*Provided data*.
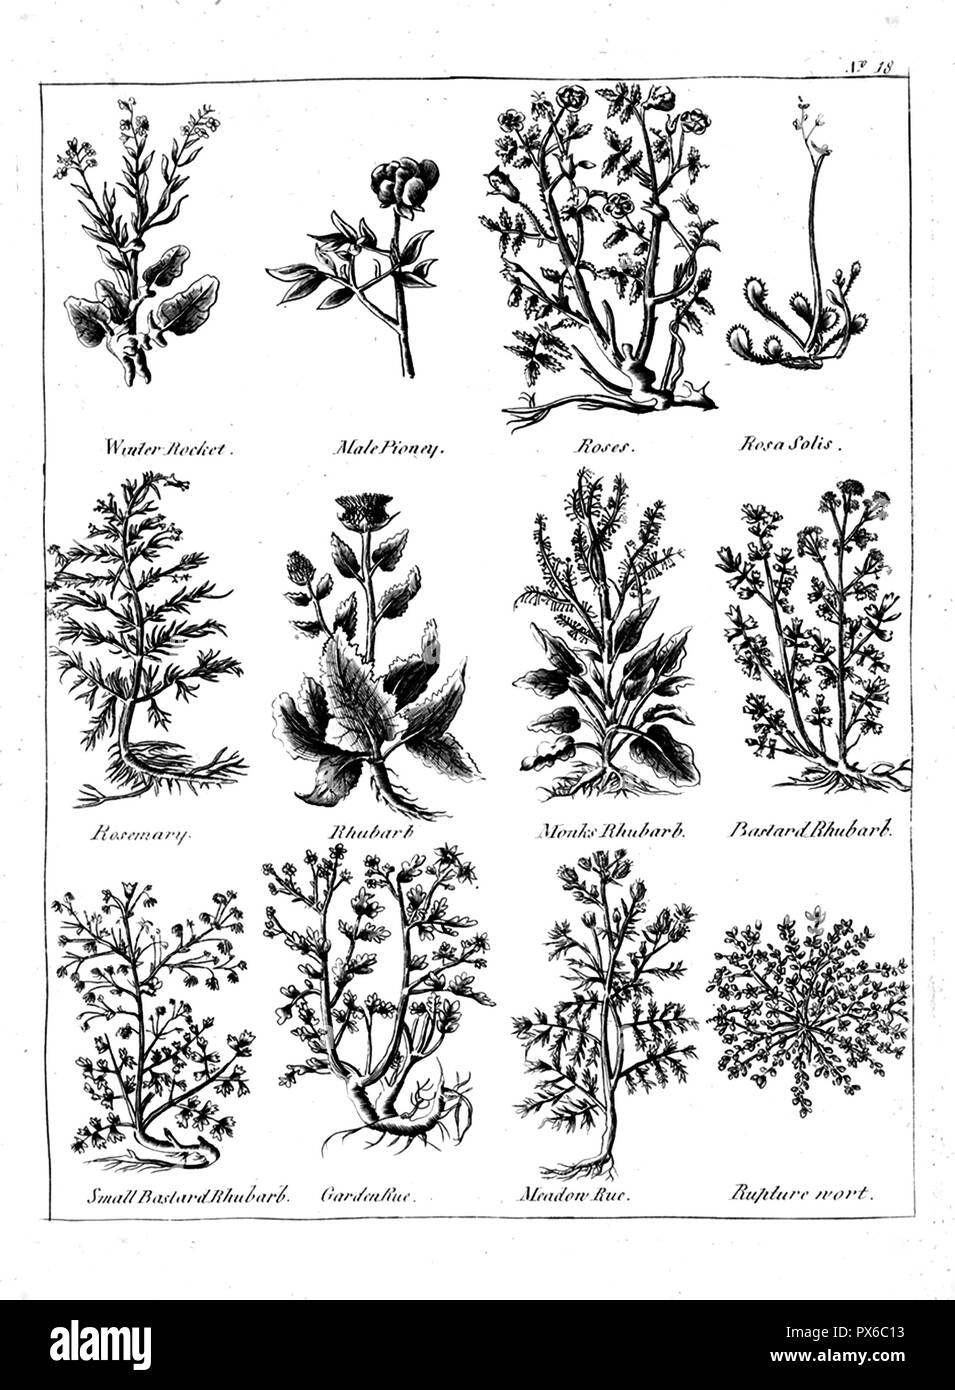 NICHOLAS CULPEPPER (1616-1654) English botanist, physician and astrologer. Page from his The English Physitian (1652) later called The Complete Herbal Stock Photo
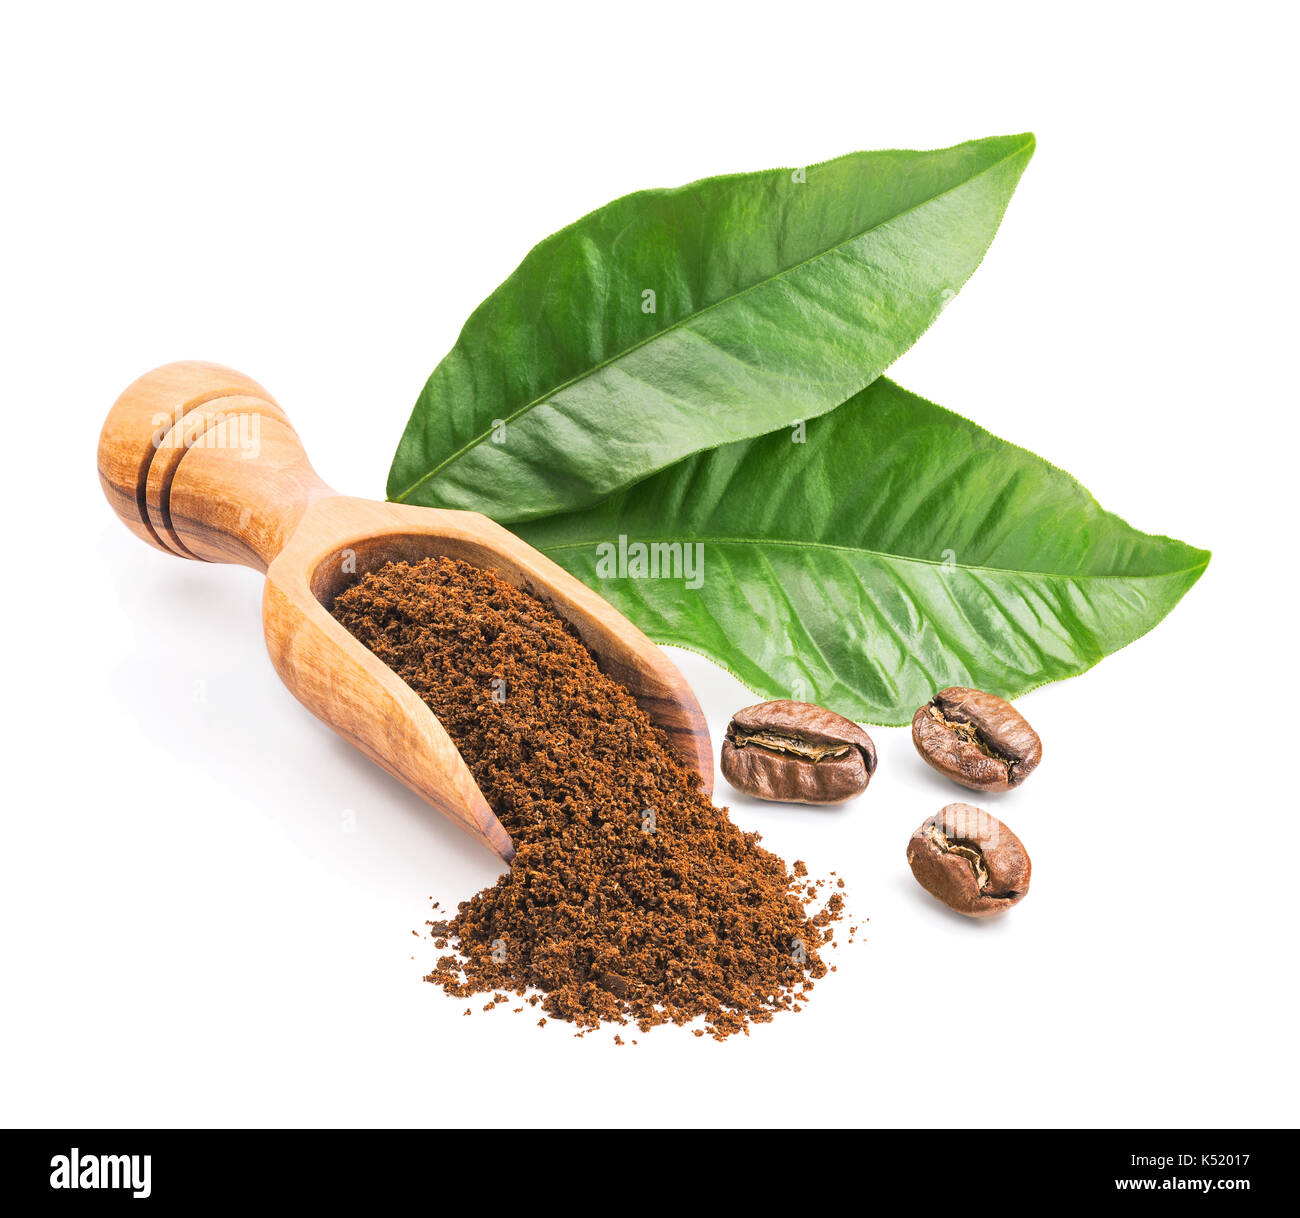 Ground coffee and leaves isolated on white Stock Photo
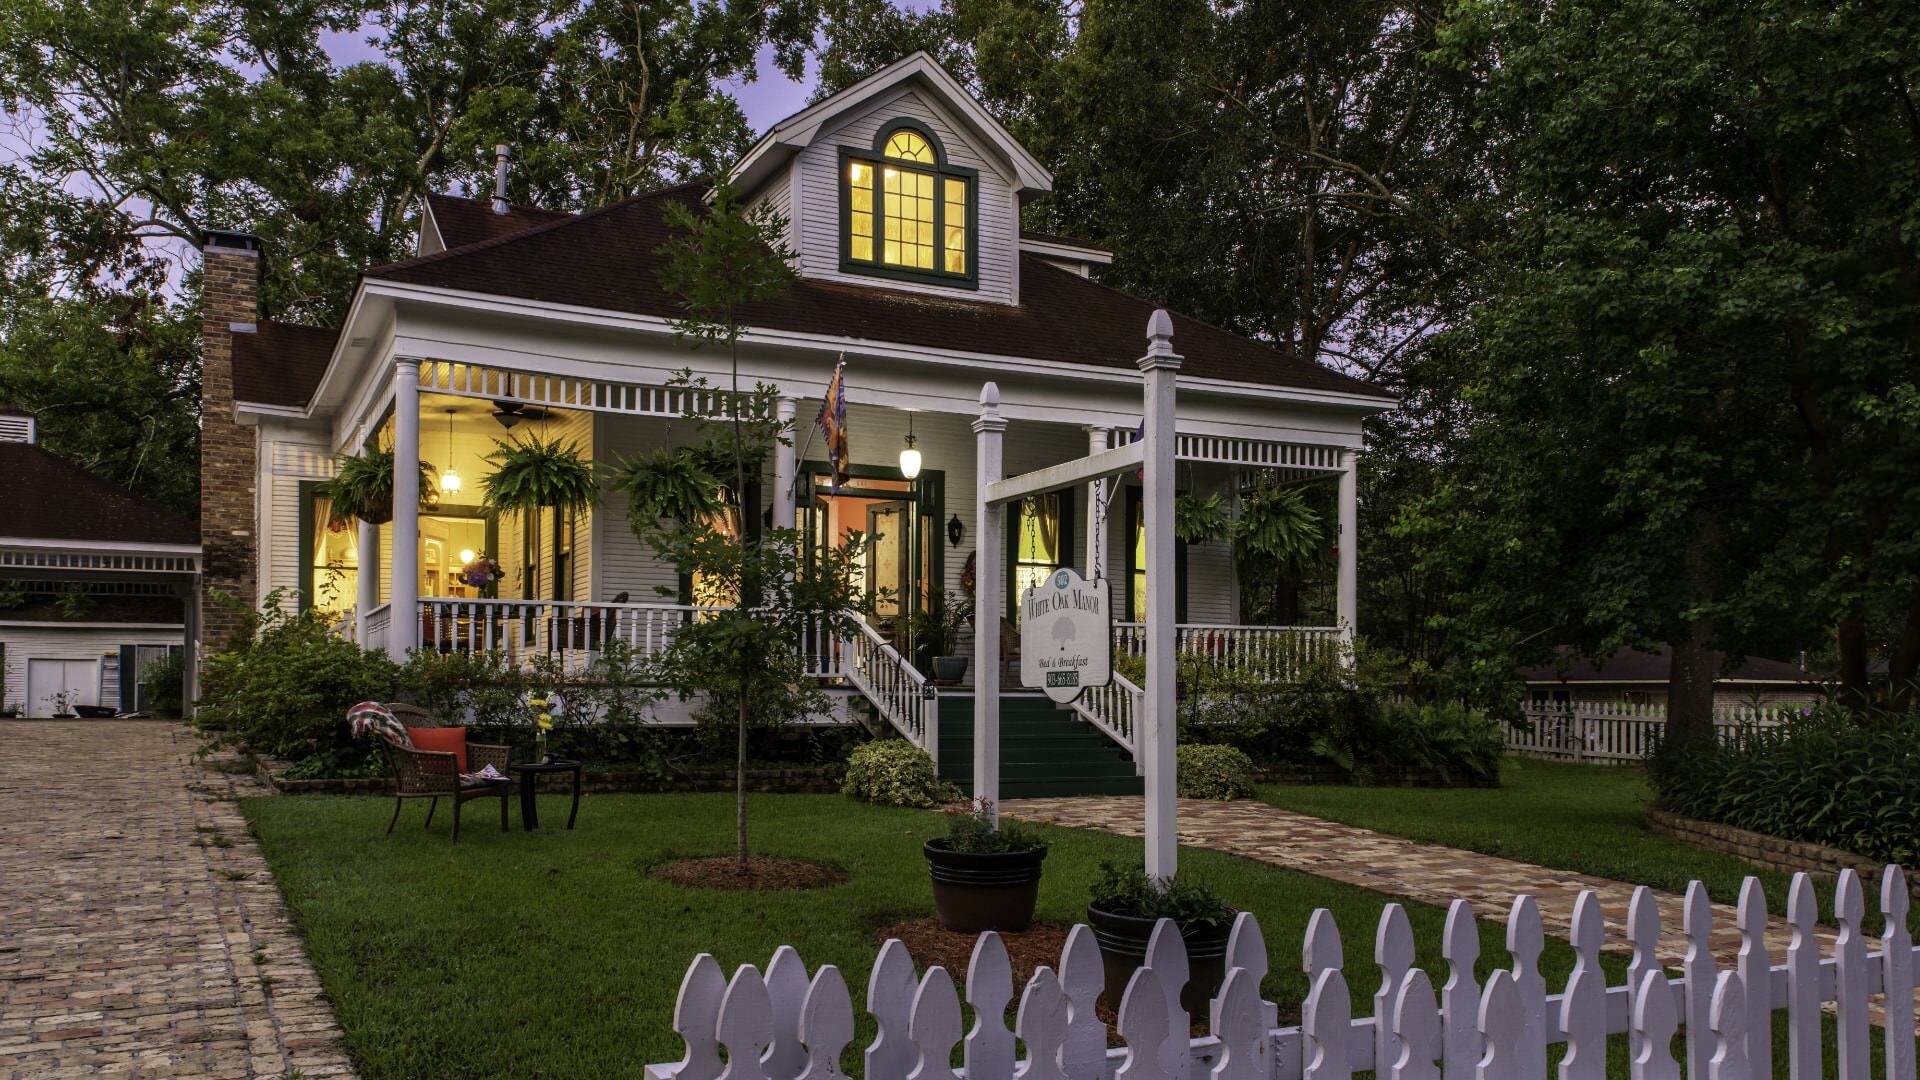 Exterior view of a property painted white with white trim, wrapped front porch, white picket fence, green grass, and surrounded by large green trees
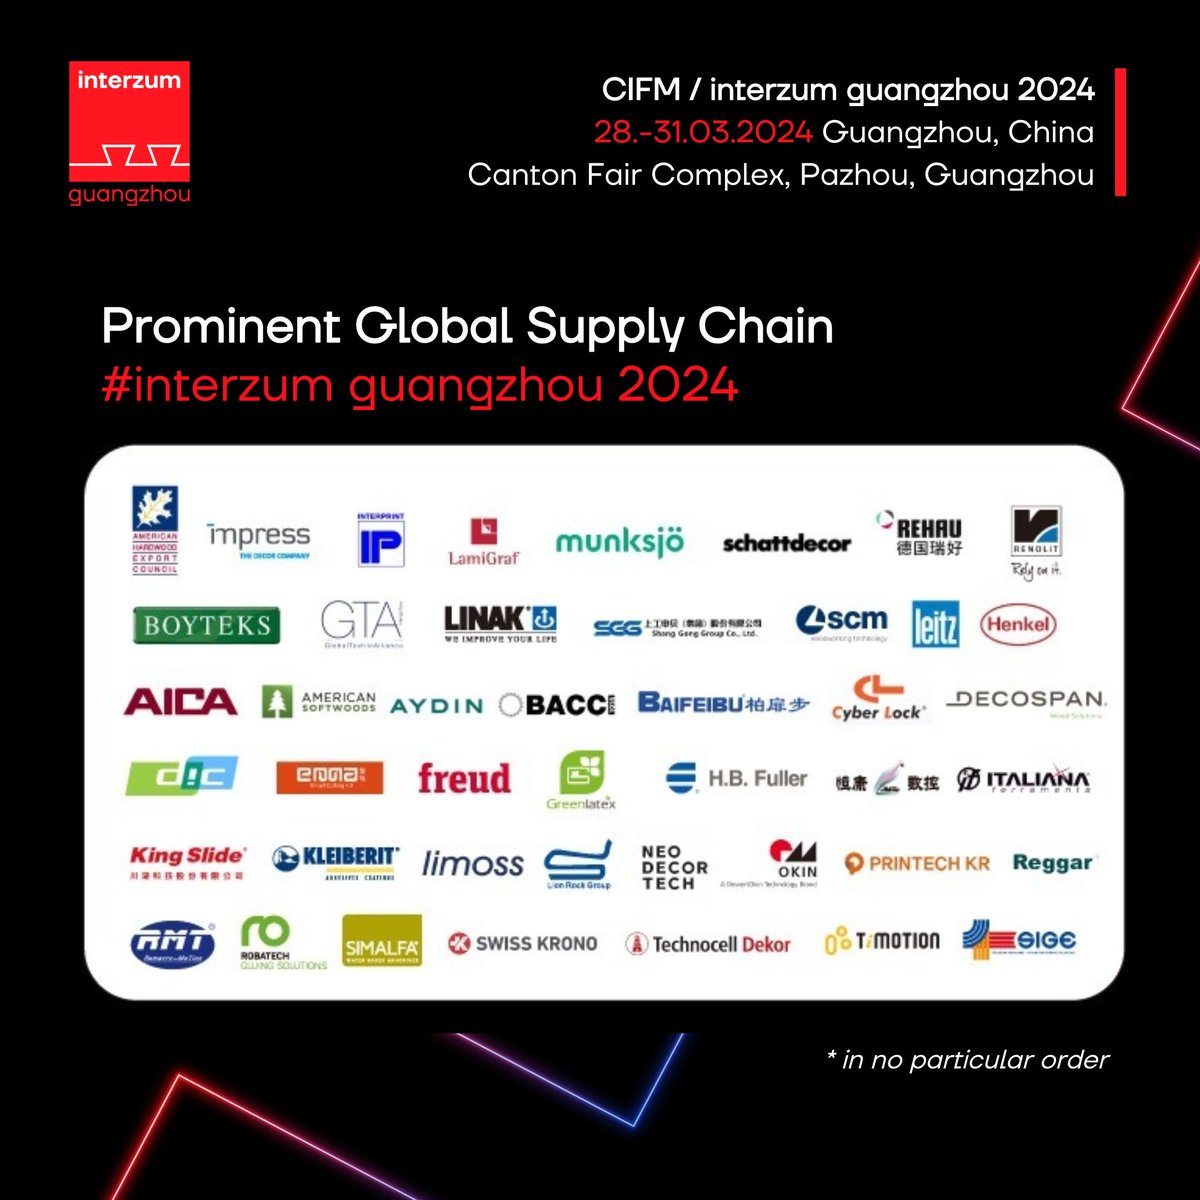 'Surpass' is the motto of this year's exhibition.

With over 220 prominent global brands, CIFM / interzum guangzhou 2024 aims to create a strong global network that covers the entire supply chain.
#interzumguangzhou #China #Guangzhou

*What you should do*.
Restate word for word each line from the one containing "this year's exhibition." through the end of the material, pictures excluded.

*Written answer*.
 'Surpass' is the motto of this year's exhibition.

With over 220 prominent global brands, CIFM / interzum guangzhou 2024 aims to create a strong global network that covers the entire supply chain.
#interzumguangzhou #China #Guangzhou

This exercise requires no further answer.